### TRY IT:
Reproduce the listing word for word. Skip any image.

### DATA PROVIDED:
....................
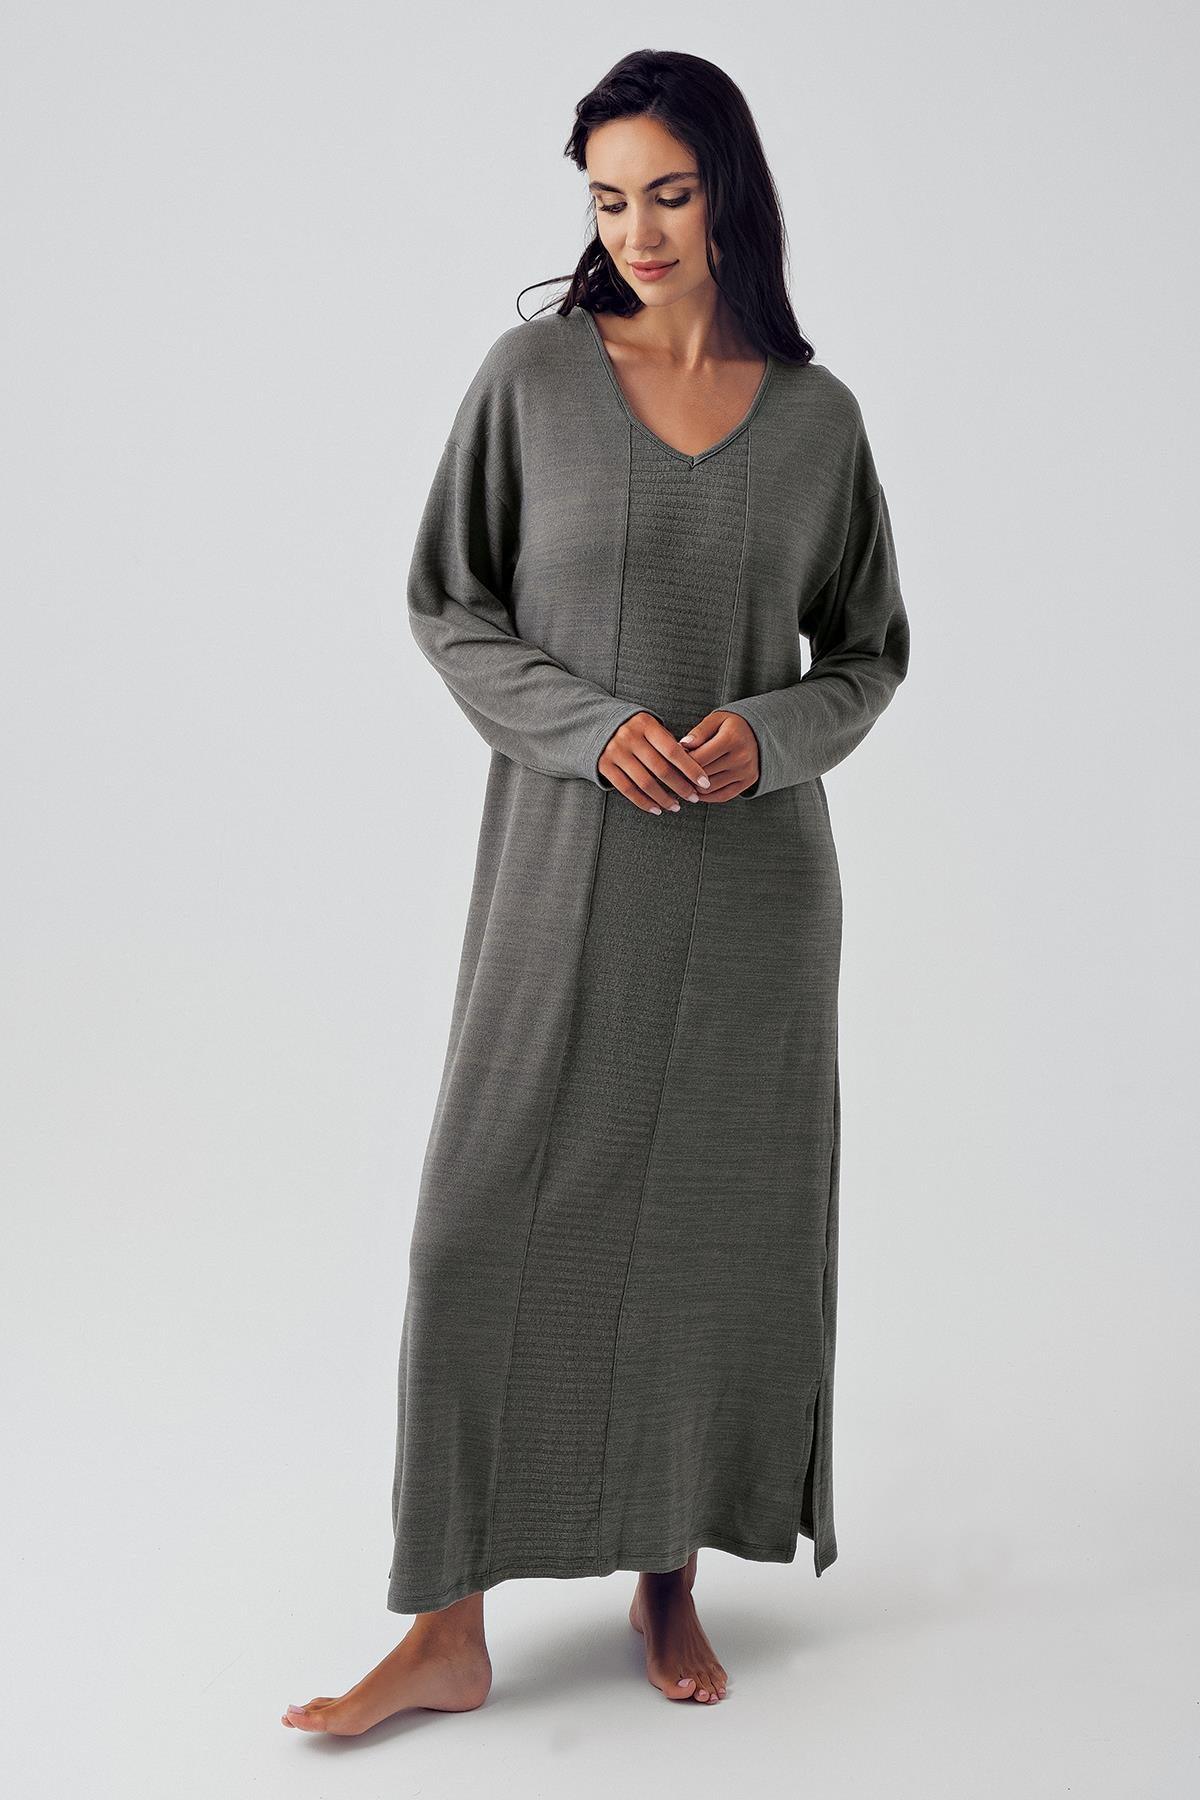 Uzun Kollu Yumuşak Dokulu Triko Elbise 15108 - Artış Collection
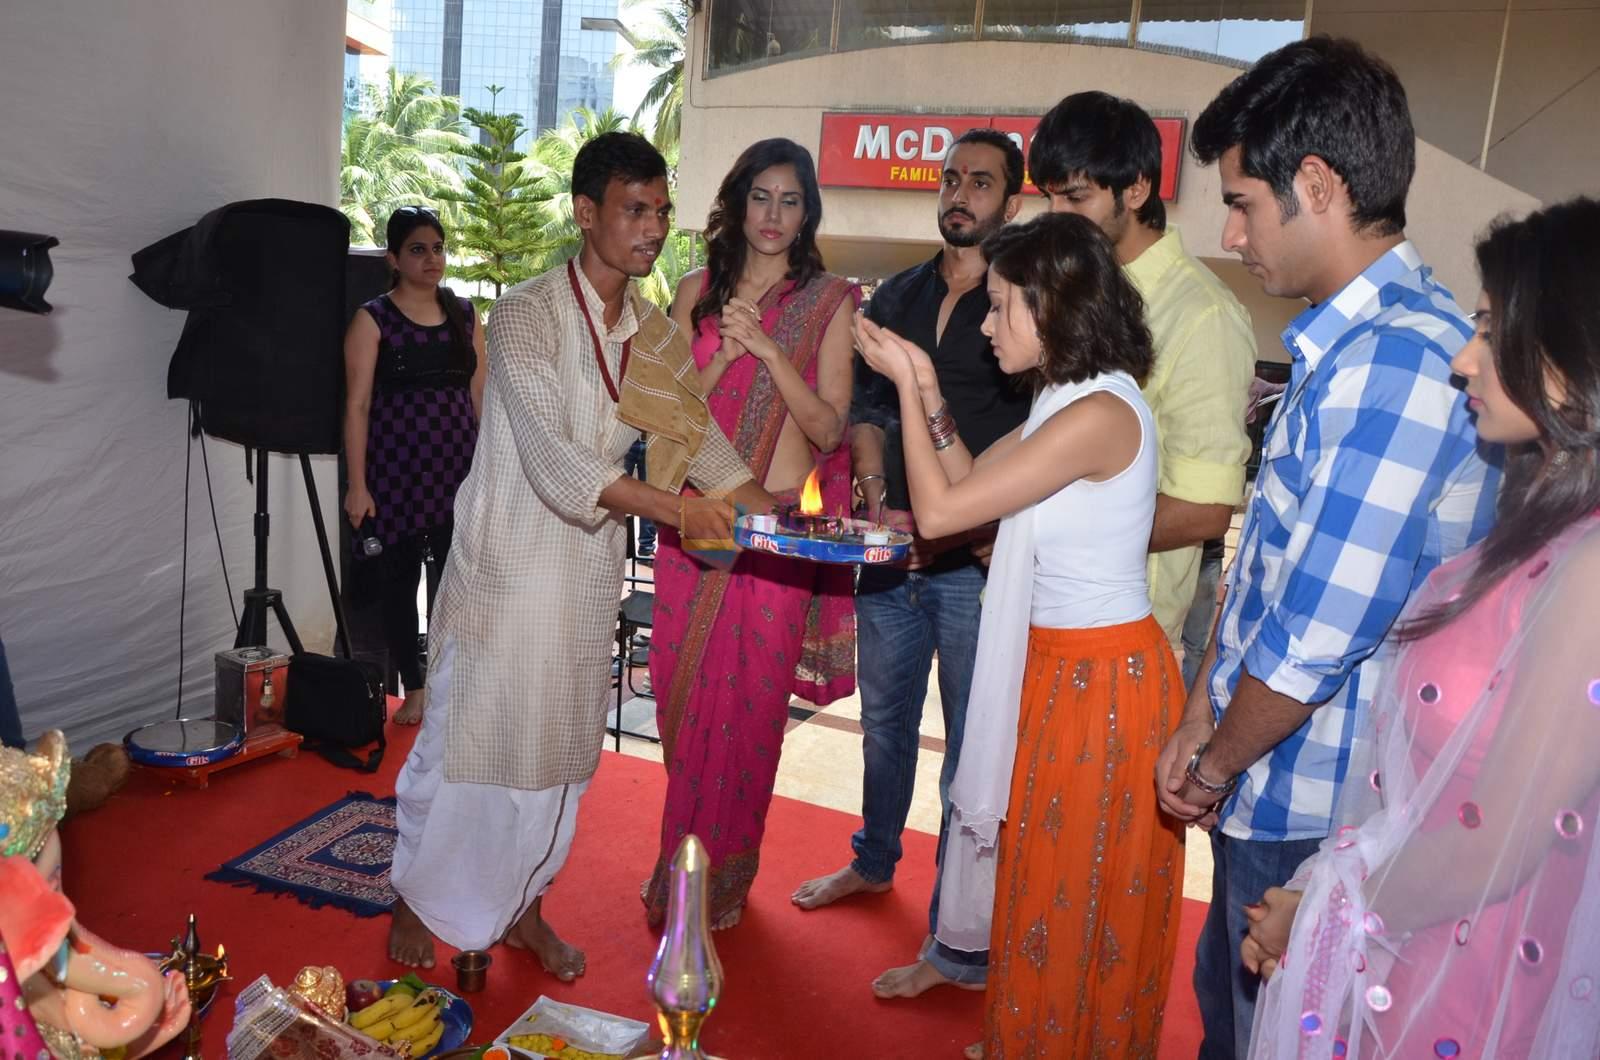 pyar ka punchnama cast at dna eco ganesha on 23rd Sept 2015
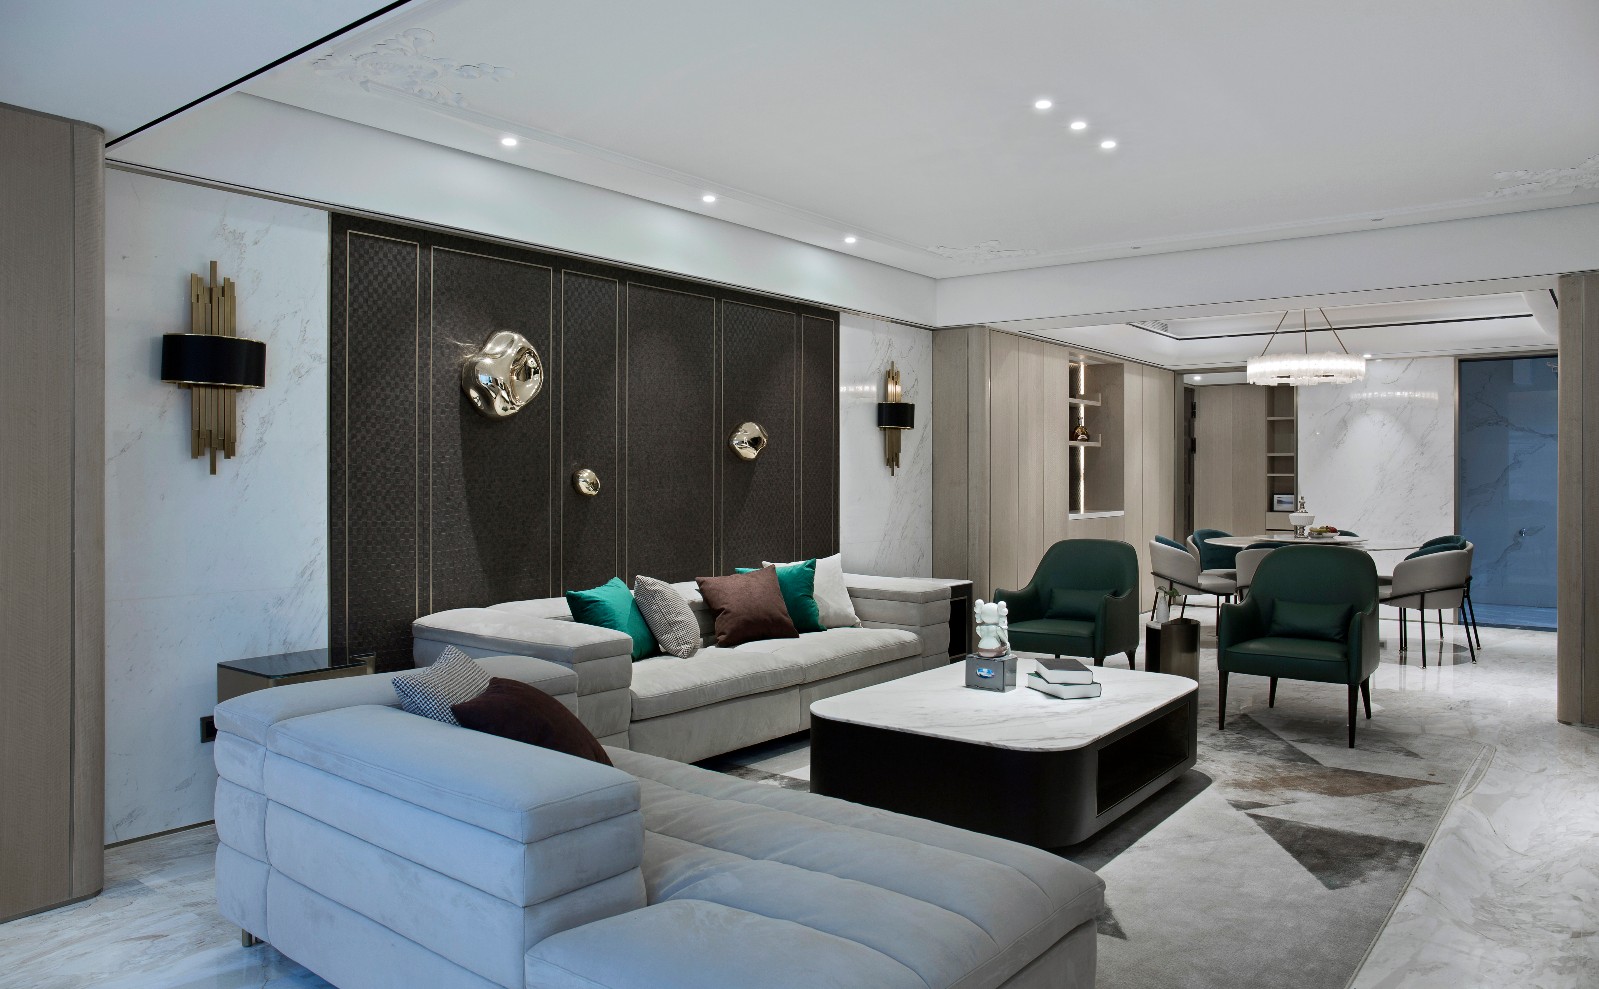 客厅沙发3装修效果图魔.登|诺卡空间设计混搭客厅设计图片赏析
....................
### YOUR RESPONSE:
 Uzun Kollu Yumuşak Dokulu Triko Elbise 15108 - Artış Collection
 pyar ka punchnama cast at dna eco ganesha on 23rd Sept 2015
 客厅沙发3装修效果图魔.登|诺卡空间设计混搭客厅设计图片赏析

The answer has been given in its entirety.